ATV enthusiasts, land users gearing up for battle against wild lands closures
"The goal tonight is to send you home angry," declared Joan Powell, board member of the Castle Country OHV Association. Her audience of about 100 people - some of whom had traveled from as far away as San Juan County to reach the public lands meeting at Wellington City Hall - were ready to listen.
They were mainly people who enjoy driving their all-terrain vehicles along the dirt roads and trails of Utah's outback, along with some ranchers and at least one mountain biker. What brought them together Wednesday night was the consensus that their voices were not being heard in the debate over wild lands use and access.
The theme, repeated by speaker after speaker, was that the Interior Department was excluding all stakeholders in public land use decisions except for environmental interests.
"There's no way bureaucrats in D.C. and rich Yankees know better than we do," stated Fuzzy Nance, owner of Fuzzy's Bicycle Works in Price. Nance, who identified himself as "a pedal head opposed to wilderness," told the audience that the non-motorized community of road and trail users are natural allies.
The important thing is for all the users to stand together in opposition, he said. "They [government and wilderness advocates] know that divided we're easy to get rid of one at a time," Nance warned.

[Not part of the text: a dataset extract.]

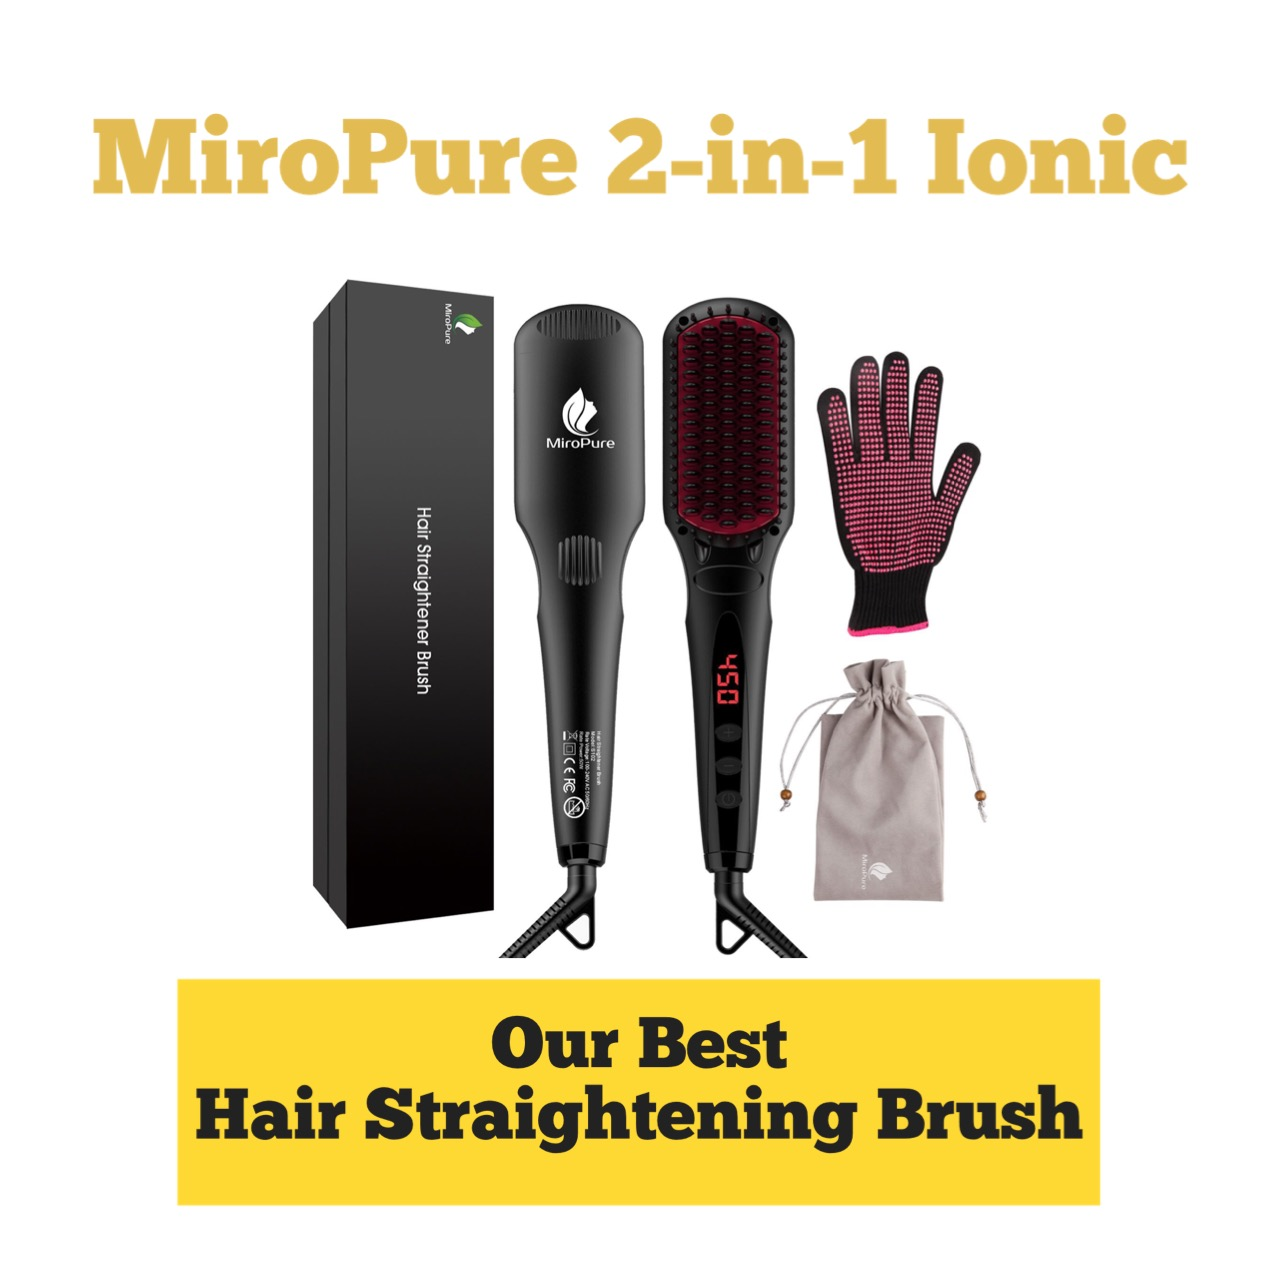 MiroPure straightening brush

Scott Wheeler, another board member of the OHV group, recalled the time he was taking a tourist down a stretch of particularly rugged dirt road. When he referred to it as a road, she had trouble with the term. "So I asked her why she didn't think it was a road and she said because it wasn't paved. No wonder we're losing the battle," he told the audience.
Wheeler said his organization has a policy of working with the Bureau of Land Management on matters of common interest. Riders have taken it upon themselves to post reminders for people to close cattle gates, for example. They have launched an education campaign to promote responsible off-highway driving. Wheeler also noted that members of the association have gone so far as to assist in bat watching to assist biologists.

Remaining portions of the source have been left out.